I've been trying to a good contrast for my DNA bands, however I haven't been so successful. I've been running the ladders only to make sure I get a good contrast before further experimentation. I created the gel using 70mL 1X TAE buffer, 0.84g of agarose (so about 1.2% gel), and 28ul EtBr. I set the electrophoresis box at 90V for about 1 hour hoping to get a better gel but the results came out looking the same as if I had ran it at 110V. I've attached a picture of my gel. It was taken with a DSLR, no flash, 20 seconds exposure time. Any tips would help. Thanks
I normally use 1-2 ul (depending on whether my gut tells me I have a lot of DNA, or a little that day) in a 70 ml 1% gel (which is probably 60-65 ml after boiling in the microwave). I have no trouble whatsoever seeing ladders and DNA samples of down to 100 ug in wells not much bigger than about 4 mm.
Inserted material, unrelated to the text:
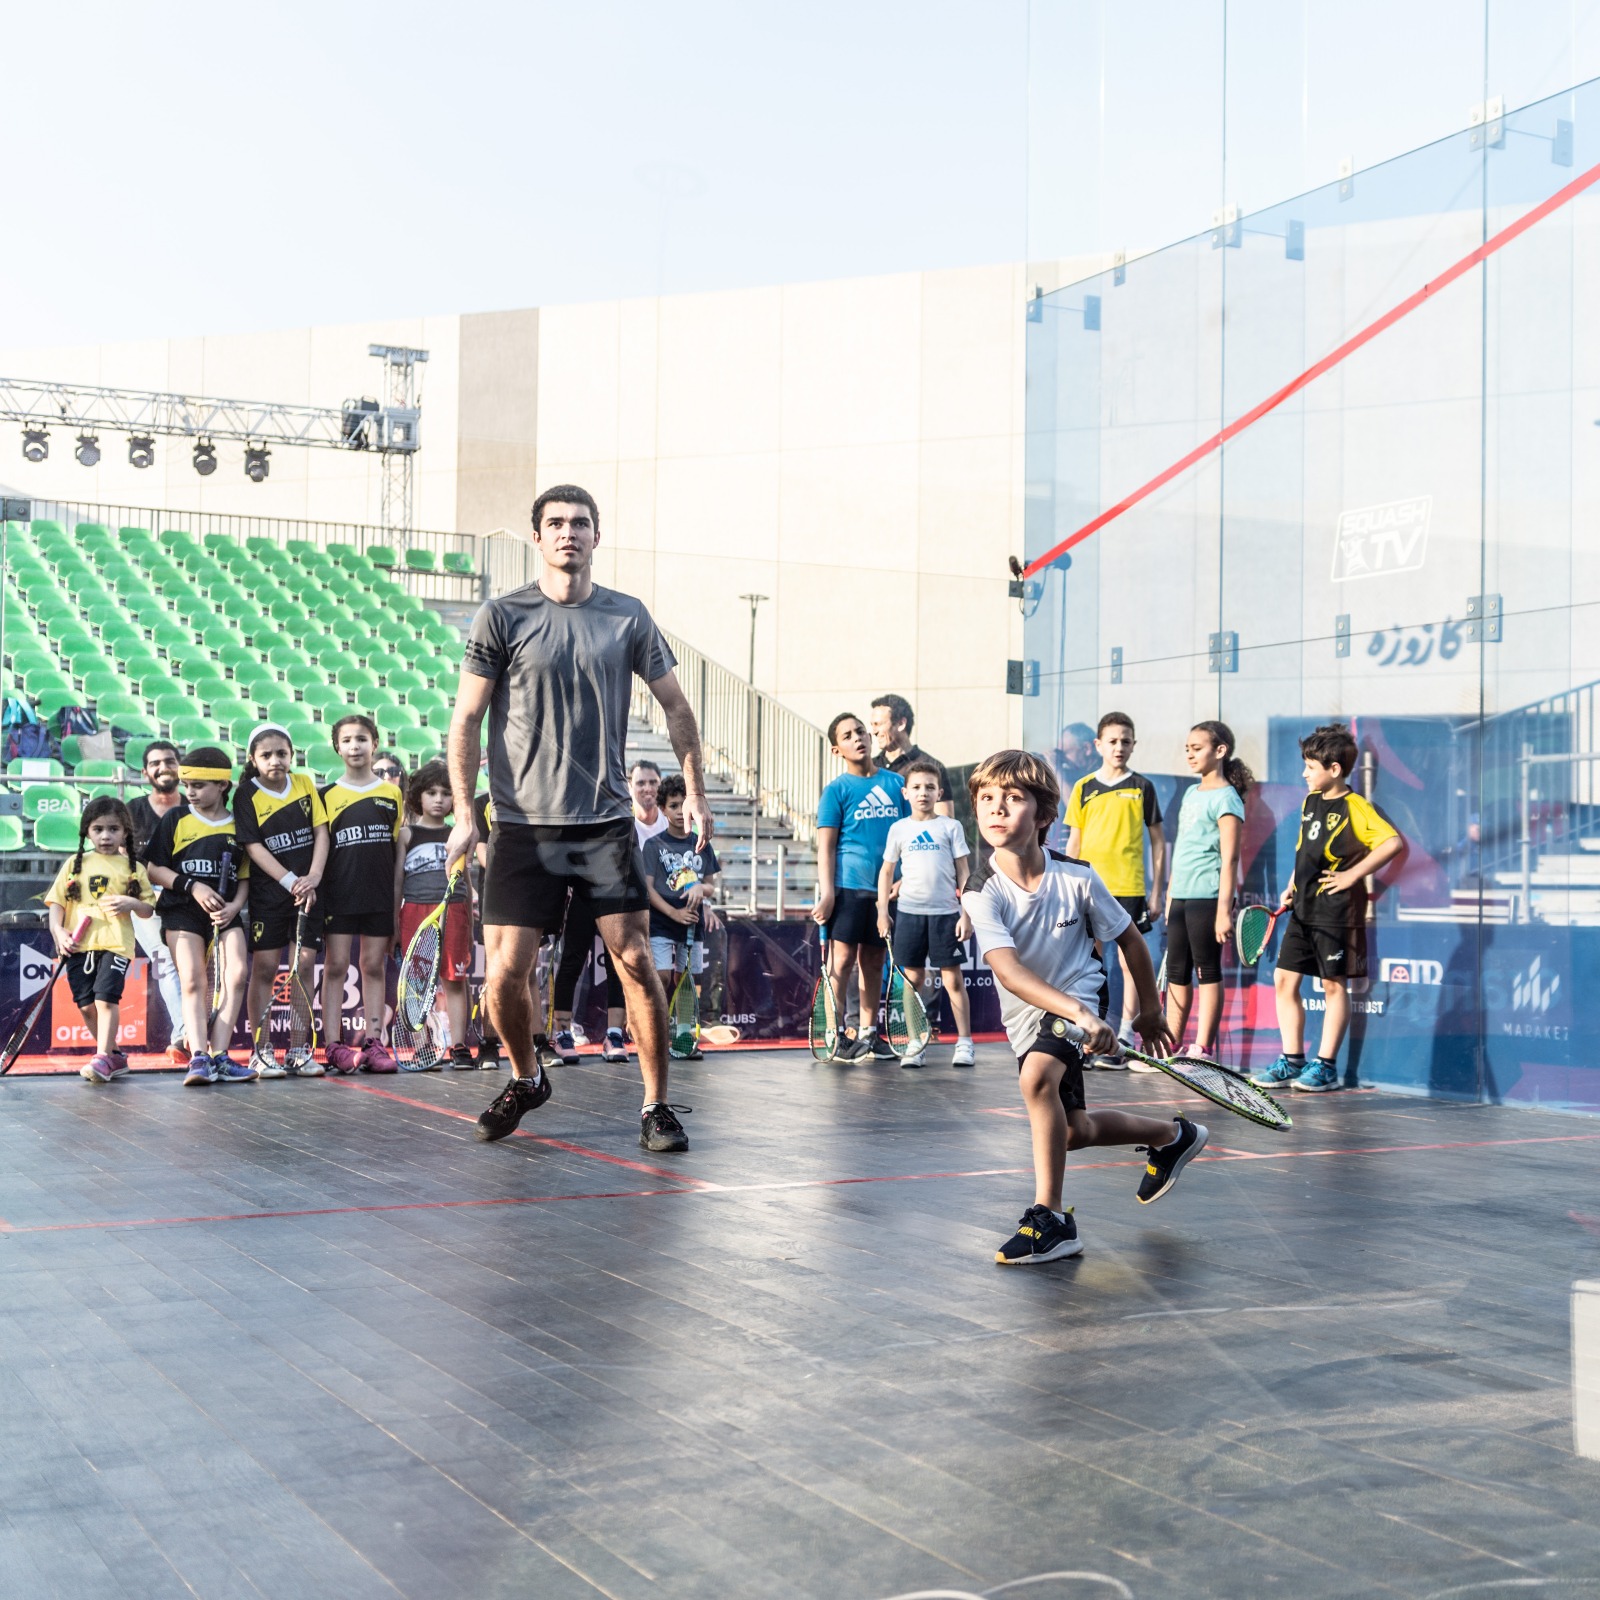 A group of children stood behind a professional male squash player and a young boy playing squash in an outdoor squash court

Here are the factors that you can manipulate to alter the brightness:
- Amount of EtBr. More is brighter. (However, you already use a lot - using less may even be better because it would reduce background while still saturating the DNA with EtBr)
- Amount of DNA. More is brighter. To avoid guesswork, use a ladder and consult the instructions in its manual or spec sheet. They usually have an example picture of a gel, and say exactly how they obtained it.
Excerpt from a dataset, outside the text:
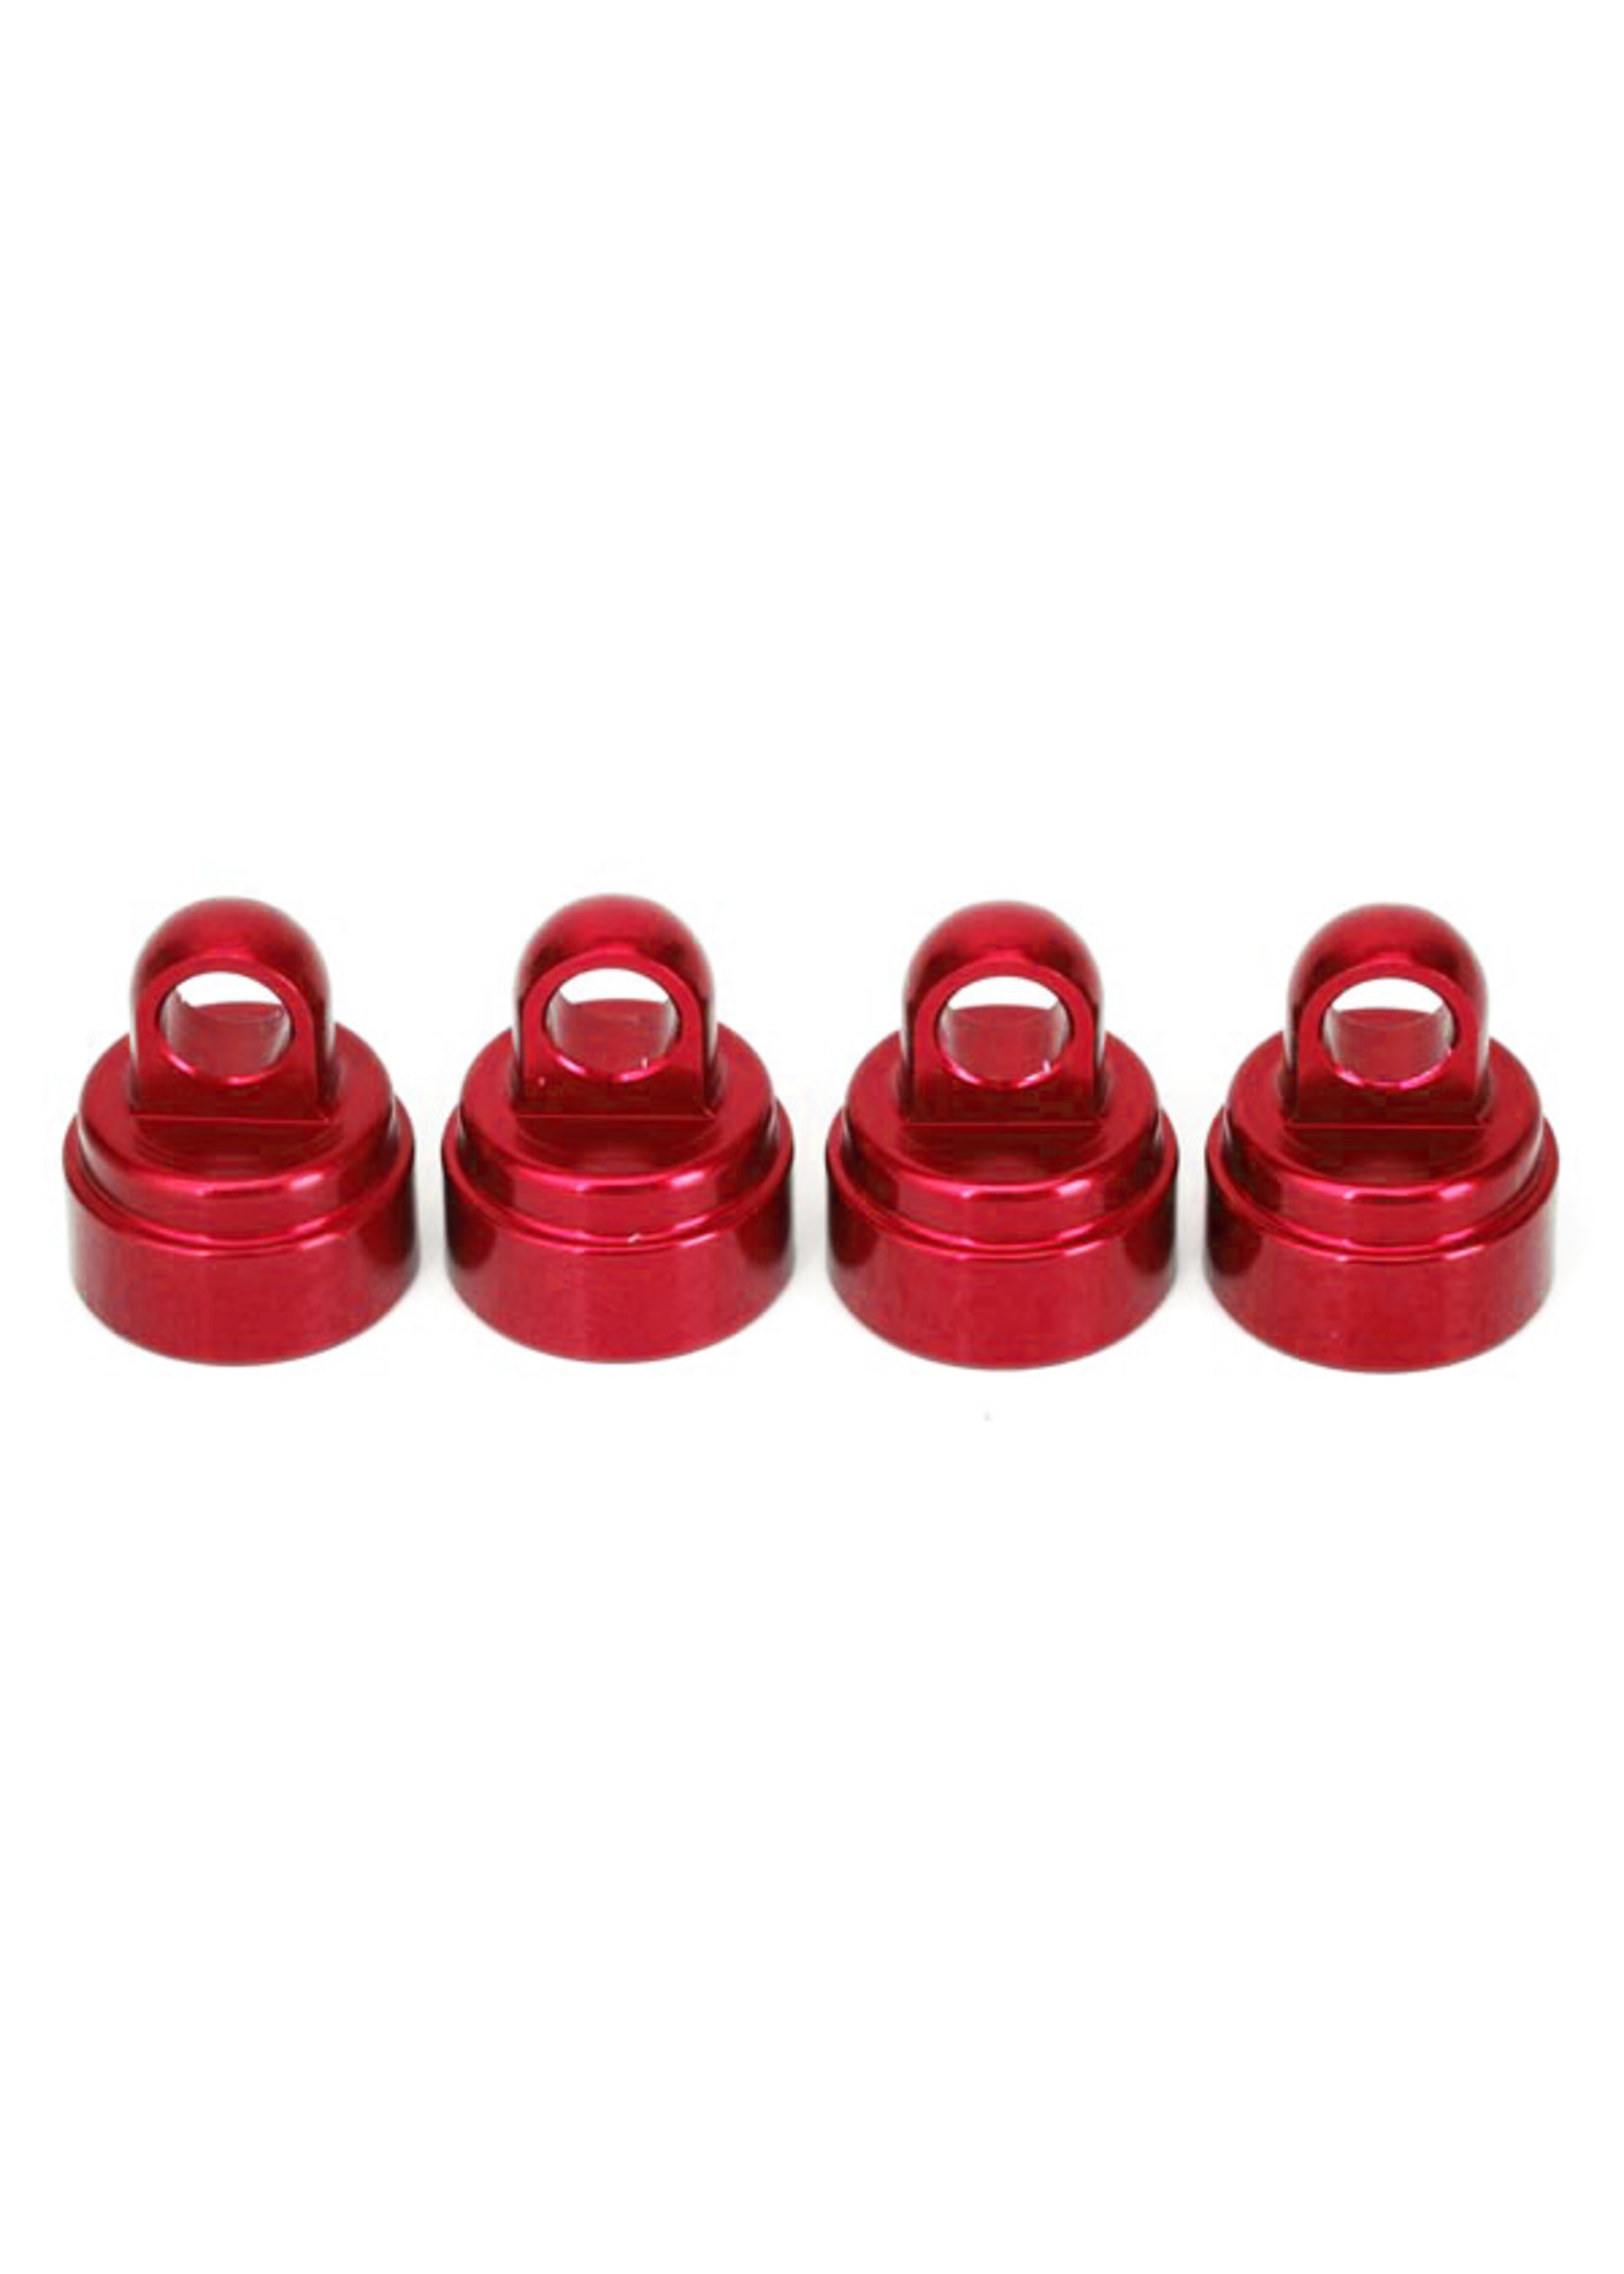 Traxxas 3767X - Shock Caps Aluminum - Red Anodized (4)

- You messed up. Do other people in the lab get good gels? Ask them to do the protocol with you.
- Sample preparation. Are you using a loading dye in the correct amount? Is the DNA diffusing out of the wells? Are you spilling a lot of it when you load?
- Band width. Obviously if you load the same amount of DNA in a well 4 times as wide, it will be 4 times fainter.
- Strength of UV light. Many illuminators have a knob to adjust the intensity, people turn it down to avoid damaging DNA when gel-purifying restriction fragments. You can also play with intensity, gamma and exposure in a geldoc machine.
- Quality of EtBr. I've never actually had this happen, but your stock may be bad for some reason. Ask another lab for a ul or two to easily control for this.
- Quality of DNA. Obviously, your sample must actually have DNA in it, and not be degraded. You can check amount and purity easily with a spectrophotometer, but it will not tell you if the DNA has been digested into its component nucleotides (that is usually checked with a gel).
- Amount of gel. The crucial variable is obviously not total amount of EtBr, but concentration. Less gel, brighter bands - but you seem to be using a standard gel amount.
- Quality of gel. Again, never had this happen, but try making the gel with someone else's reagents.
I can see that you have a ladder in the middle, so at least some DNA is definitely there.
Also, keep in mind that off-the-shelf cameras are not good at imaging the EtBr fluorescence, because the wavelength is a bit unusual. The nice pictures you see in papers are taken with a specialized geldoc machine or a camera with an appropriate filter.